Dans la décision R. v. Z.N., la Cour de justice de l’Ontario, sous la plume du juge Webber, se penche sur une demande en arrêt des procédures. L’adolescent allègue que son droit d’être jugé dans un délai raisonnable, tel que prévu à l’article 11b) de la Charte canadienne, n’a pas été respecté. L’adolescent argumente d’une part que le plafond présumé de 18 mois n’a pas été respecté et que, subsidiairement, un plafond présumé moins élevé devrait être établi pour les causes concernant les adolescents poursuivis sous la LSJPA.

Sans reprendre l’analyse détaillée du juge quant à la computation des délais et du plafond présumé de 18 mois, mentionnons simplement que le juge arrive à la conclusion que les délais excèdent le plafond présumé de 18 mois.

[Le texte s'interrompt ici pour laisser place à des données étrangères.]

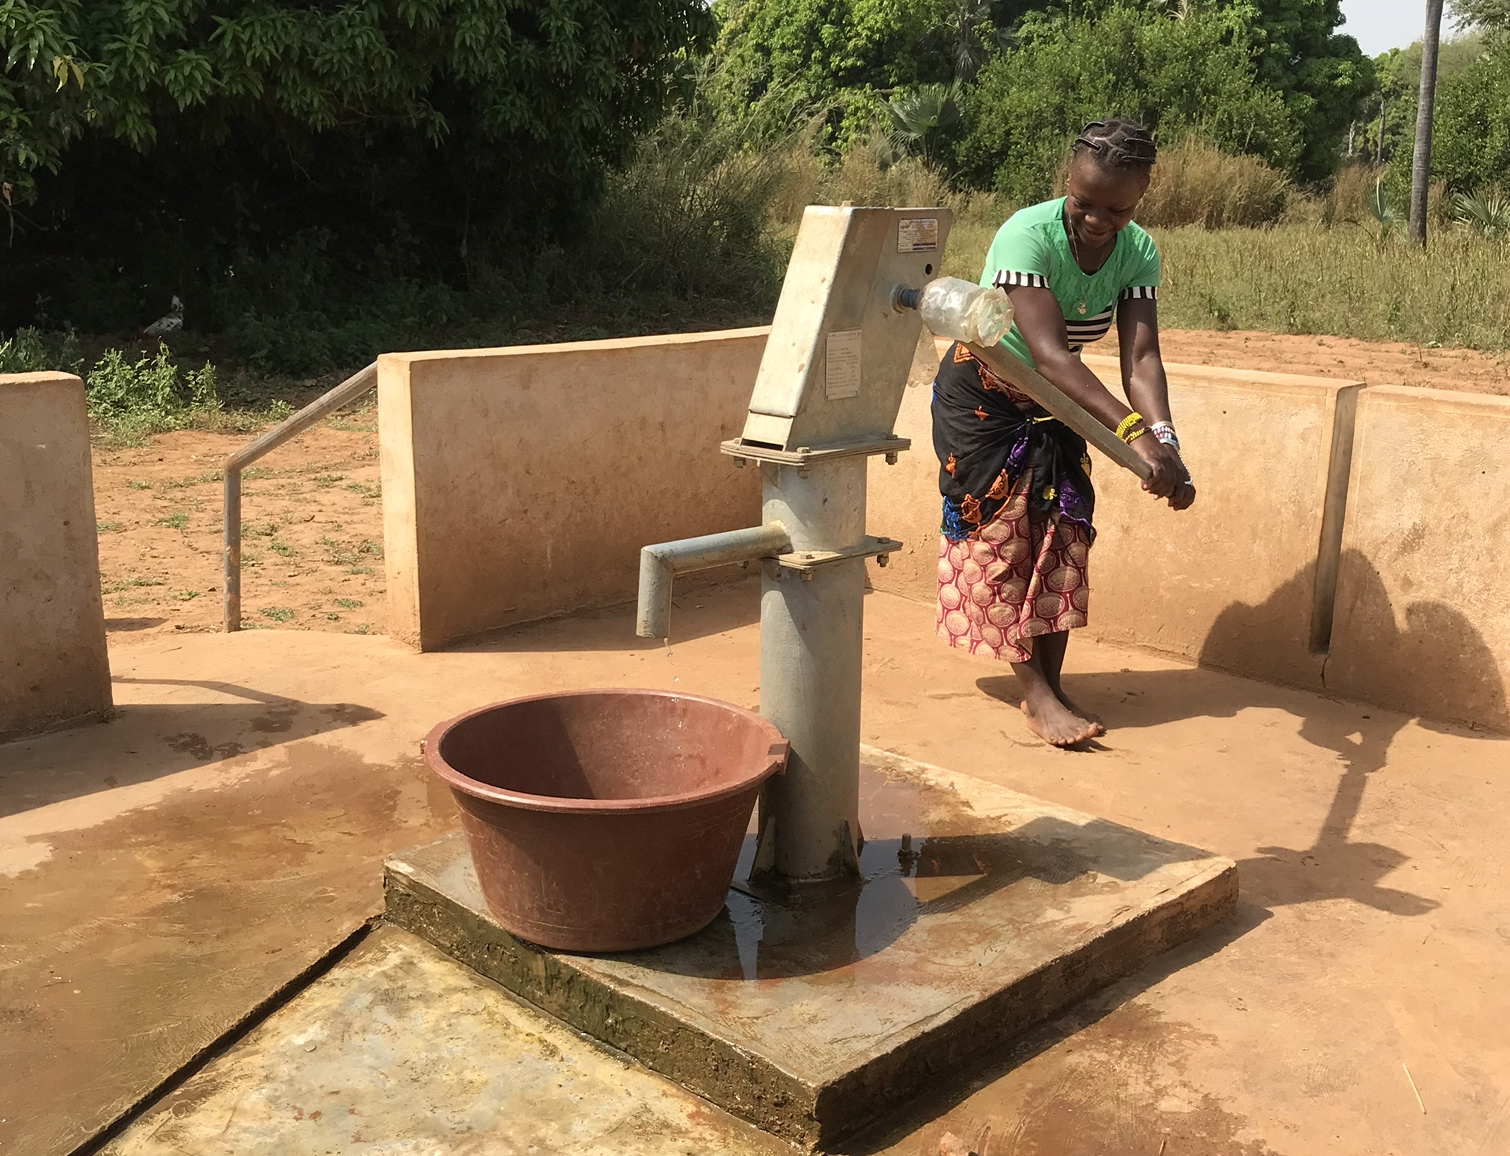 Gender and social equality in WASH
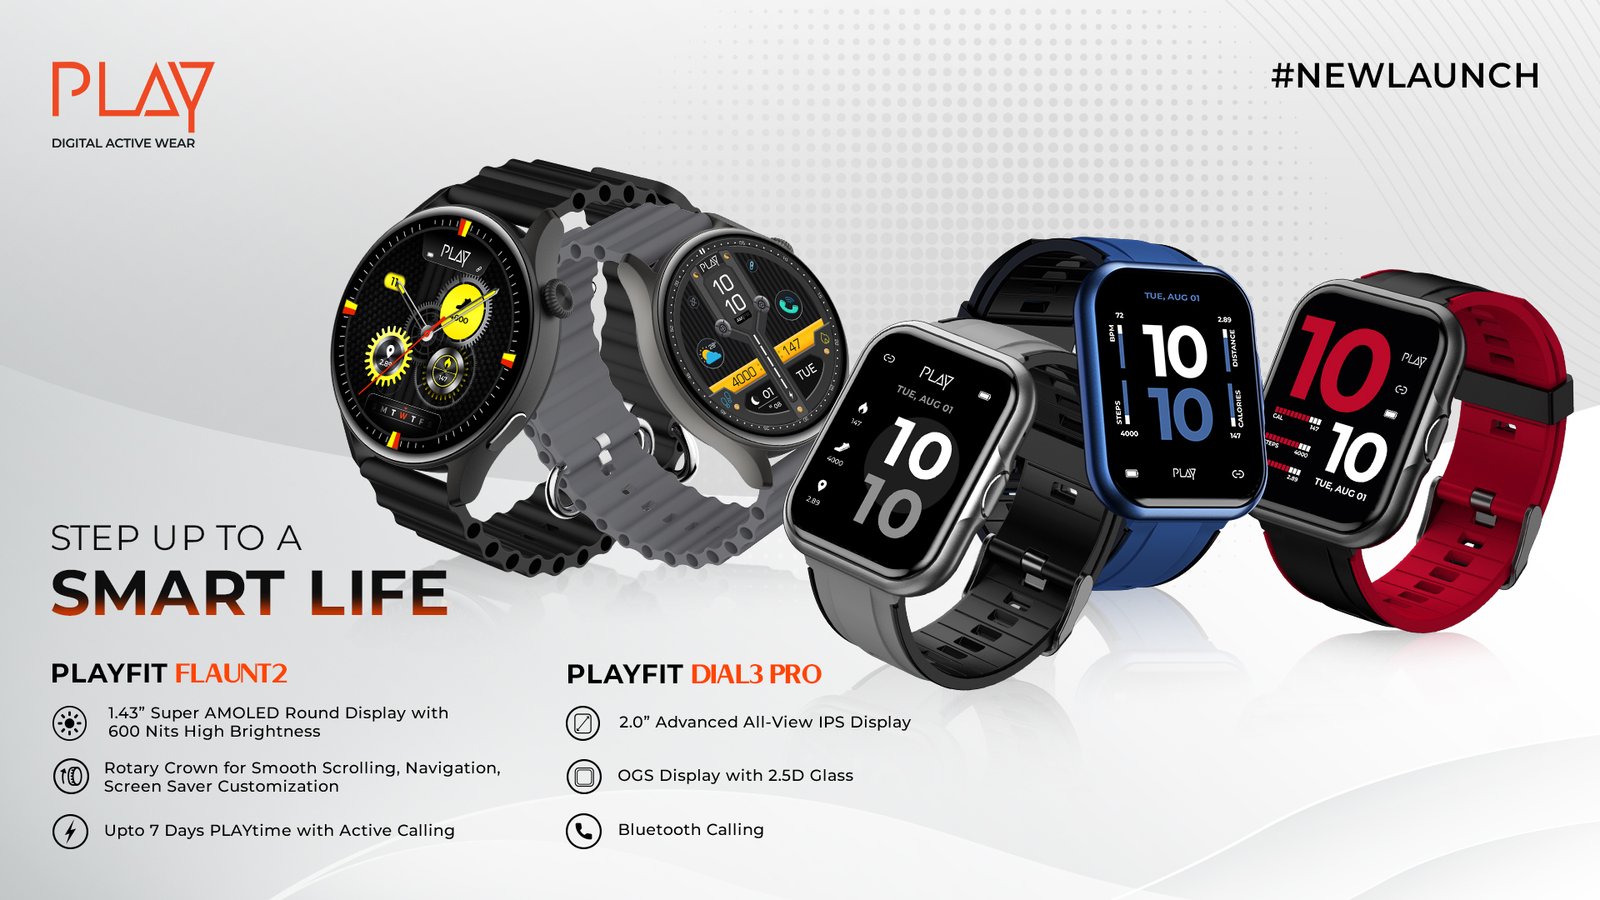 Designed with fashion, style, and innovation in focus, PLAY Unveils Next-Generation smartwatches with Large and AMOLED display, partners with Flipkart for wider reach to the Indian consumer.

Suite à cette conclusion, le juge Webber se livre tout de même à l’analyse de l’argument soumis par la défense à l’effet que les adolescents devraient bénéficier d’un plafond présumé inférieur à celui prévu par la Cour suprême dans l’arrêt Jordan. Le juge Webber se déclare tout à fait en accord avec les motifs du juge Paciocco dans l’arrêt R. v. J.M., auxquels les juges Watson et O’Marra avaient adhéré également dans les décisions R. v. P.S. et R. v. D.A. respectivement.

Pour appuyer sa position, le juge Webber se base principalement sur l’aspect du préjudice subi par les adolescents en lien avec les délais judiciaires. Tout comme l’avait mentionné la Cour d’appel de l’Ontario avant l’arrêt Jordan, le passage du temps est particulièrement préjudiciable pour un adolescent. Pour le juge, le préjudice est accéléré en quelque sorte pour les adolescents. Ce n’est qu’en abaissant le plafond présumé établi par l’arrêt Jordan qu’on parviendra à ce que les adultes et les adolescents vivent et expérimentent les mêmes garanties constitutionnelles.

Pour ces raisons, le juge Webber conclut que le plafond présumé pour les adolescents devrait être de quinze (15) mois. Le juge ouvre toutefois la porte à ce que ce plafond soit même abaissé à douze (12) mois vraisemblablement dans un avenir rapproché.